Setiap sore, sebelum meninggalkan Hana untuk bekerja, aku dan Ratna bergantian memberi semangat Hana untuk bertahan, sekaligus memberi semangat pada diri kami masing-masing untuk tidak menyerah. Tak tega hati ini melihat si buah hati menderita sendiri. Kalaulah Tuhan mengijinkan, biarlah kami yang mengantikannya. Biar kami yang menerima suntikan itu di tulang punggung itu. Namun, dera teriakan kesakitan Hana adalah realita yang sesungguhnya. Kami hanya bisa pasrah.
Seminggu yang lalu, Papa berkunjung ke rumah sakit. Dengan tertatih dan memohon bantuan petugas panti, untuk pertama kali papa melihat Hana dari luar ruang observasi. Kesehatan Hana yang semakin memburuk membuat dokter tidak mengijinkan kakek yang belum pernah bertemu cucunya itu bertegur sapa. Papa melambaikan tangannya dari luar. Hana membalasnya lemah. Kuterangkan siapa kakek tua yang datang itu. Seolah terpompa kekuatan baru, Hana tersenyum melambaikan tangan mungilnya. Sejenak dia ceria. Kemudian melemah. Kembali bergulat dengan sel jahanam yang menggerogoti tubuhnya.
Papa memaksa ikut tes HLA. Semula dokter menolak dengan alasan kesehatan papa yang tak mendukung. Tapi, papa memaksa. Hasilnya, tidak ada kecocokan sel induk. Untuk kesekian kali kami harus berkutat lagi dengan harapan yang tak pasti. Donor yang diharapkan belum juga bisa ditemukan.
Sore itu, Dokter Takayama kembali memanggil kami. Secercah harapan timbul. Langkah kaki kami saat menyusuri lorong rumah sakit berbareng dengan doa, semoga panggilan kali ini adalah kabar adanya donor yang cocok. Tanganku bergetar saat mengetuk pintu. Gagang kunci yang terbuat dari metal meresap dingin. Dokter Takayama berdiri menyambut. Dia menyalami kami. Doa yang kami panjatkan menguap tak terkabul saat melihat wajah itu kusut penuh keprihatinan.
Seperti kebiasaanya saat menerangkan hal berat pada keluarga pasien, dokter itu membetulkan letak kaca matanya terlebih dahulu. Dia menahan desah nafas, kemudian mengembuskan keras bersama tekanan di dadanya.
"Mohon maaf. Kami sudah berusaha keras. Tapi, sel jahat leukemia yang terdapat dalam tubuh Hana chan, lebih kuat dari pengobatan yang telah kami lakukan. Tanpa ada donor yang tepat, dia tidak bisa bertahan lama," katanya lemah. Kalimat penutupnya terasa sebagai kekalahan telak bagi seorang dokter.
"Berapa lama, Dok?" tanyaku parau.
"Menurut data saat ini, anak Anda hanya bisa bertahan paling lama satu minggu. Jika ada kerabat, atau orang yang ingin ditemuinya, alangkah baiknya datang secepatnya. Sebelum terlambat."

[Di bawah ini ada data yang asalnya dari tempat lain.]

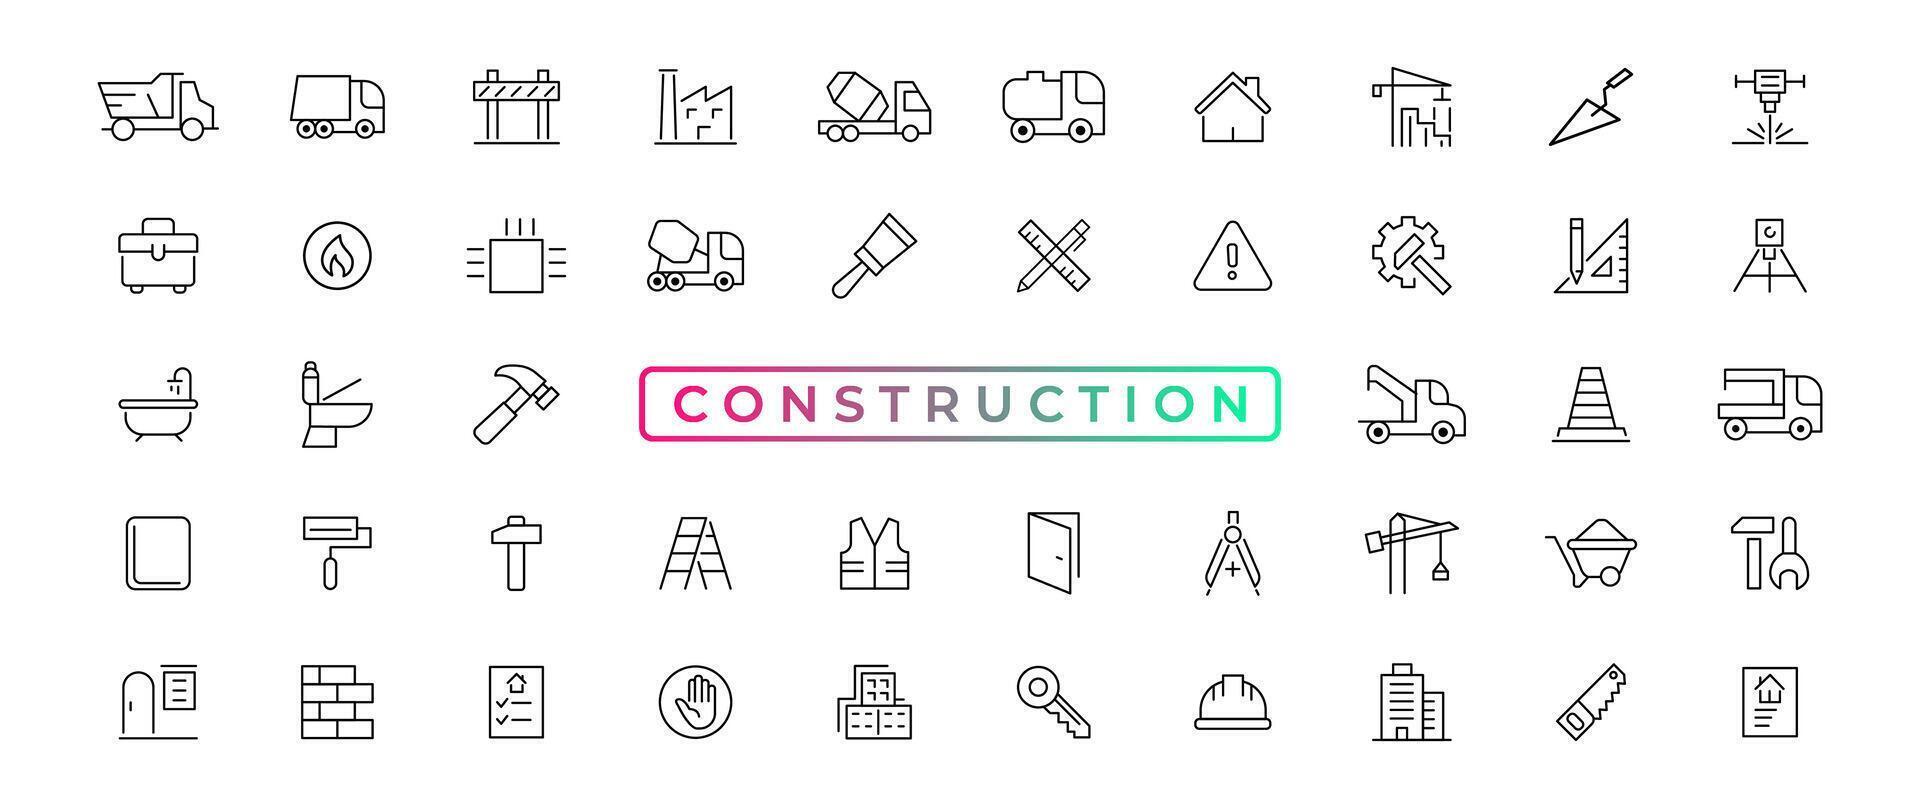 Construction line icons set. Home repair tools outline icons collection. Construction tools, builders and equipment symbols. Builder, crane, engineering, equipment, helmet, tool, house - stock vector. vector

Kali ini aku tak kuasa lagi menahan air mata yang semenjak di Indonesia berusaha kubendung. Pertahananku bobol. Tubuhku melorot dari kursi. Kupeluk istriku. Kami menangis berderai. Keyataan hidup yang sangat pahit membuat kami lunglai tak bertenaga. Terbersit dalam hati kecilku, apakah ini karma dari hasil kejahatanku yang telah lalu? Keboborokan perbuatanku yang banyak menyakiti manusia lain? Dosa-dosa masa lalu yang terus menghantuiku? Kalaulah memang Tuhan ingin menghukum, kenapa Dia tidak menghukumku saja?
Aku tersungkur, tengadah berteriak menembus atap kepada Dia yang sedang berkuasa di sana. "Tuhan! Kalau memang ini hukumanMu, timpakan padaku. Jangan libatkan anakku! Kenapa Kau sejahat ini pada anak kecil yang tak berdosa?!" teriakku
Kali ini, akulah yang membutuhkan nasehat dan semangat. Ratna mendekapku, membekap mulutku. Tak hentinya ia mengingatkanku untuk tidak melawan kehendak Sang Kuasa. Wanita yang kucintai itu terus menghiburku. Dipilinnya kalimat-kalimat suci untuk menyadarkanku. Tepukan di bahu dari Dokter Takayama menyadarkan ke murtadanku. Dia meninggalkan kami berdua merajut kalimat pengampunan dan kepasrahan.